__ABOUT THIS EXERCISE__. Your reply should consist only of the lines from the one holding "Sydkoreanska kustbevakningen deltar" to the last line of the data below, written out exactly and without pictures.

(Beginning of SOURCE DATA)

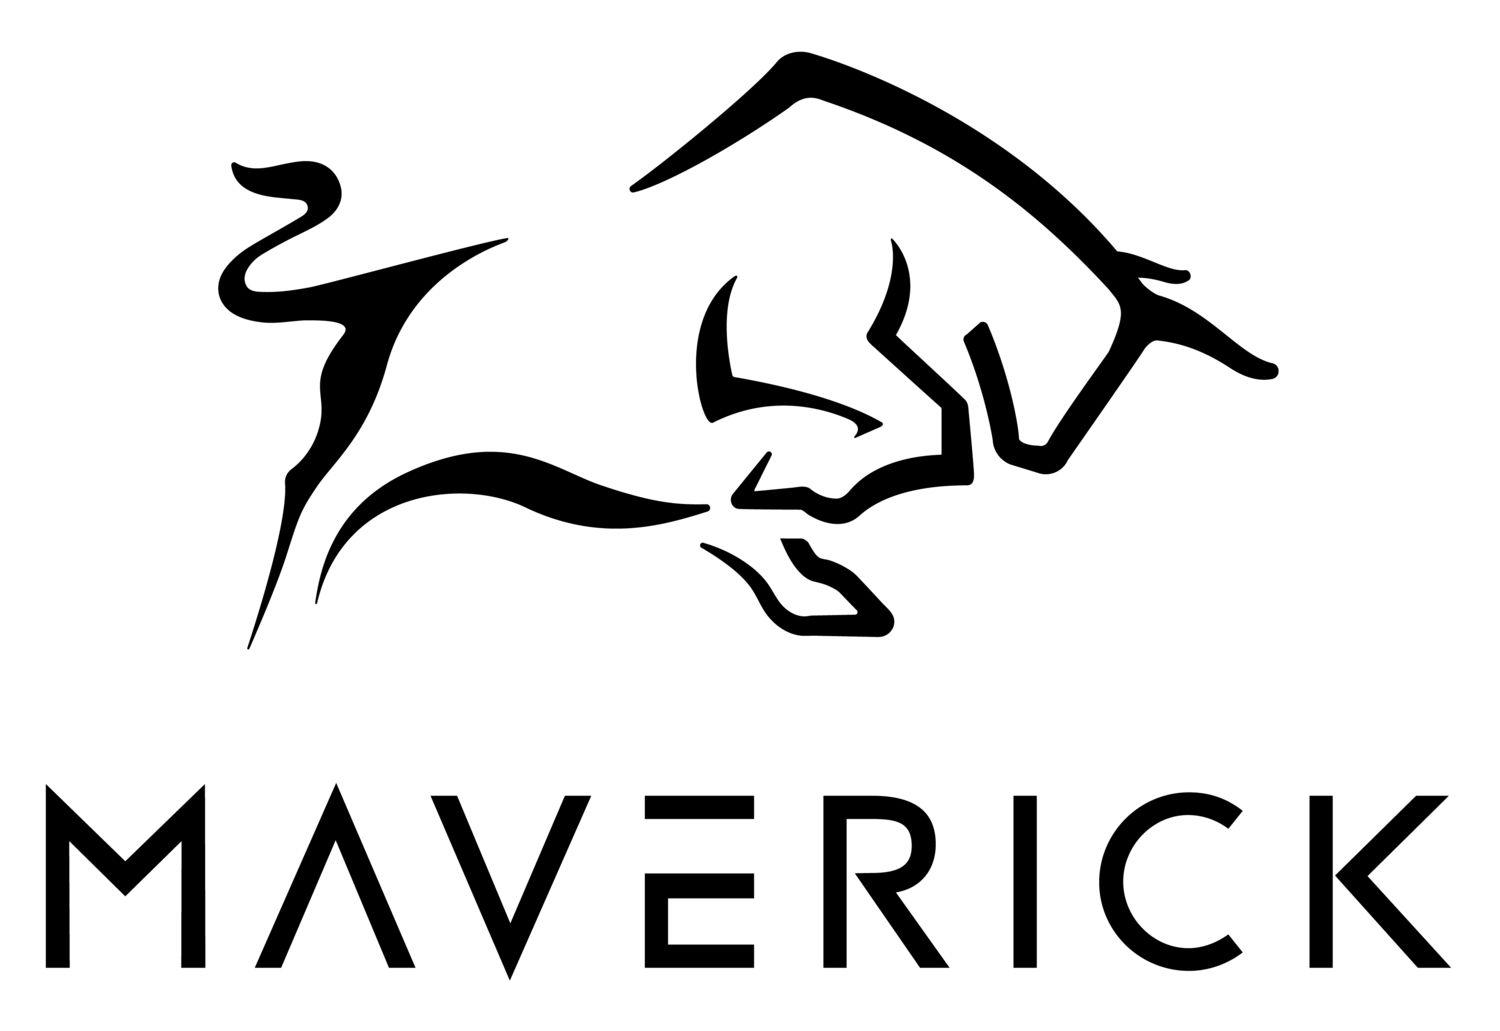 Mavrick Logo - Let's talk
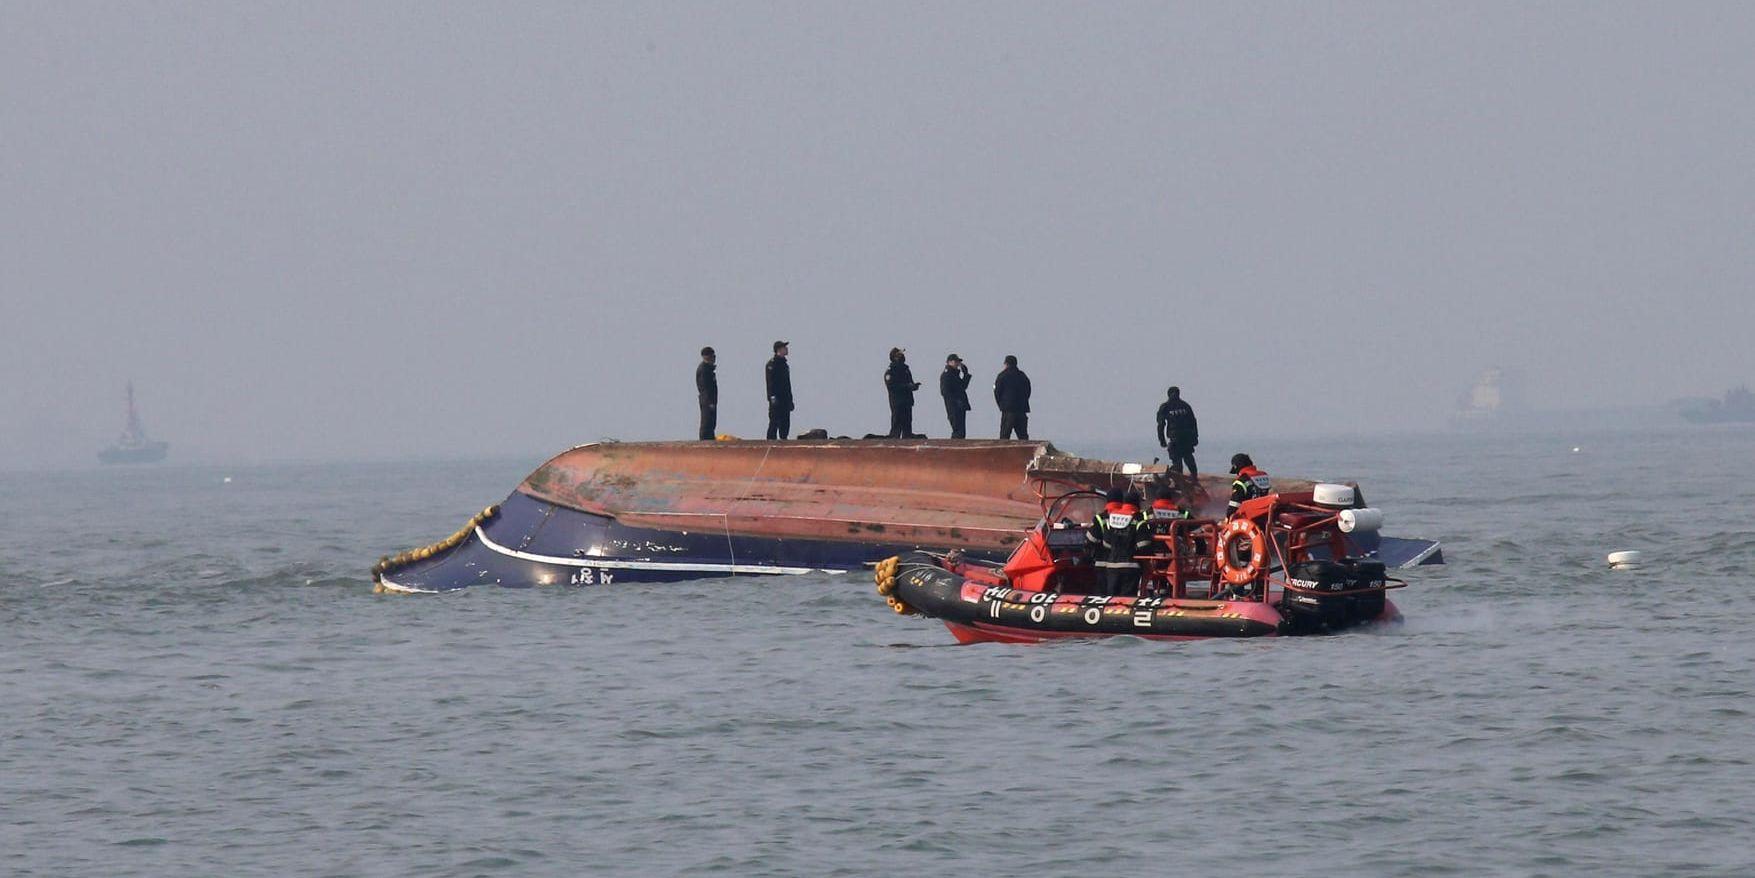 Sydkoreanska kustbevakningen deltar i räddningsarbetet efter båtolyckan.
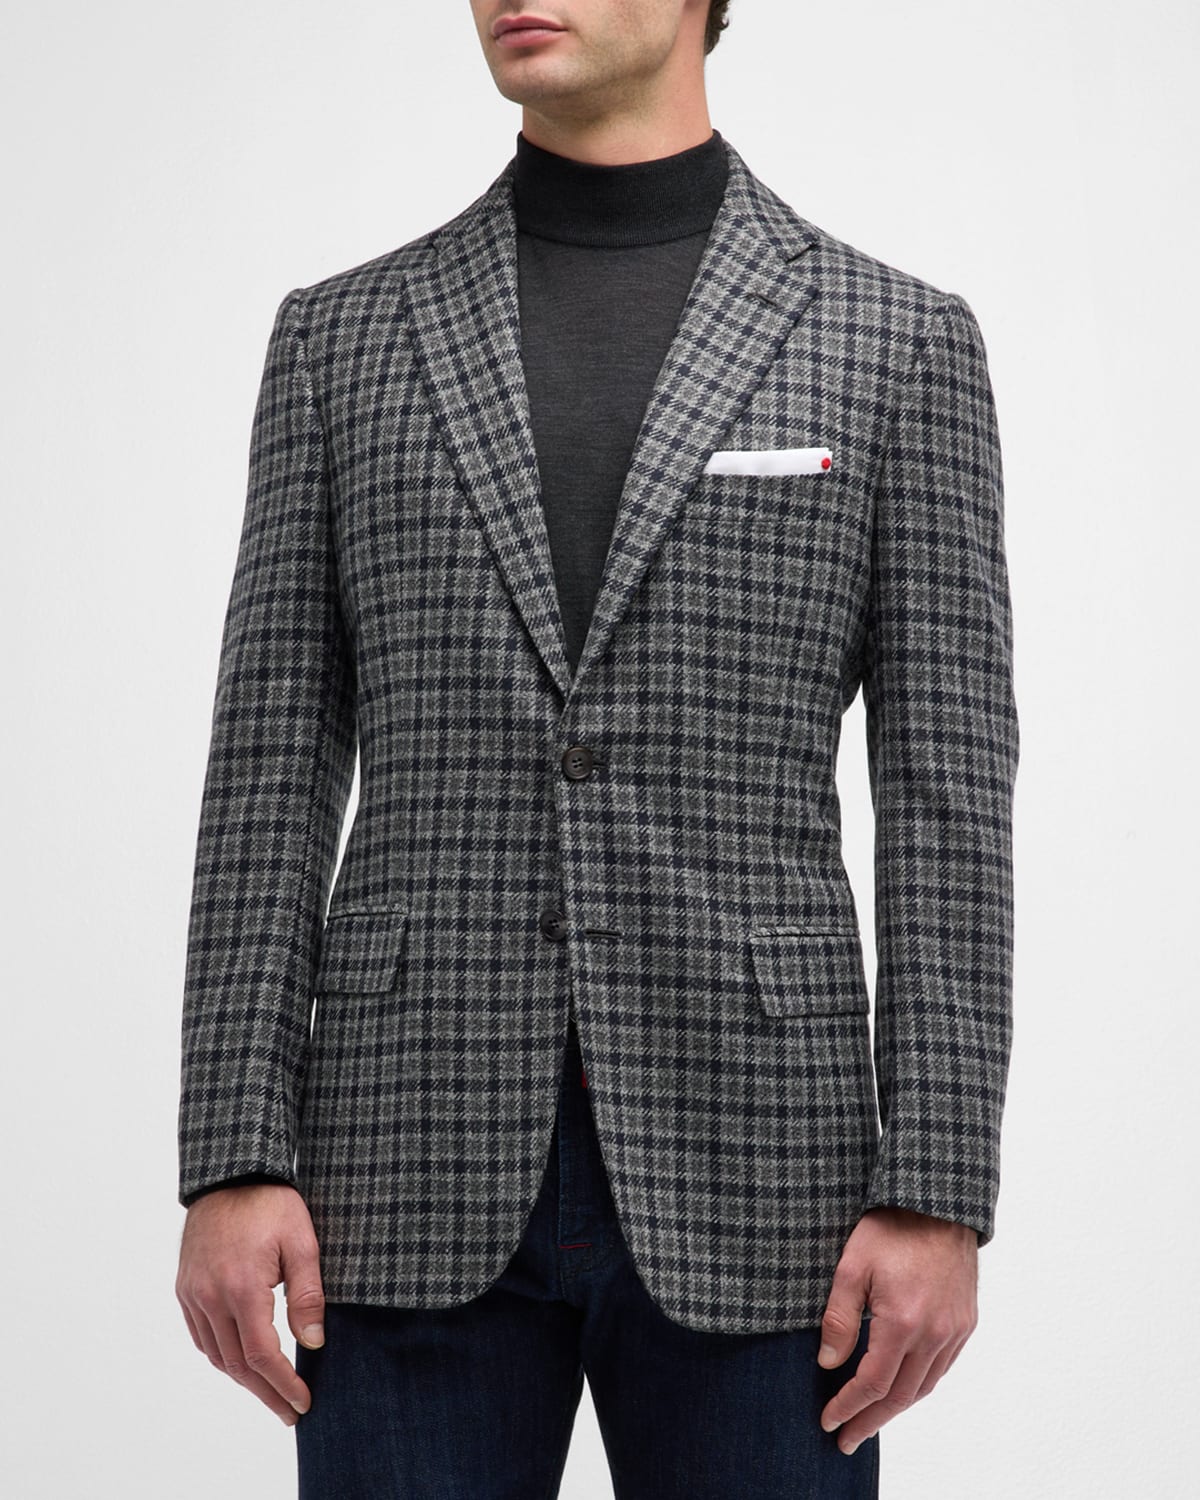 Kiton Men's Cashmere Check Sport Coat In Gray

(End of SOURCE DATA)

__FINISHED EXERCISE__.
 Sydkoreanska kustbevakningen deltar i räddningsarbetet efter båtolyckan.
 Kiton Men's Cashmere Check Sport Coat In Gray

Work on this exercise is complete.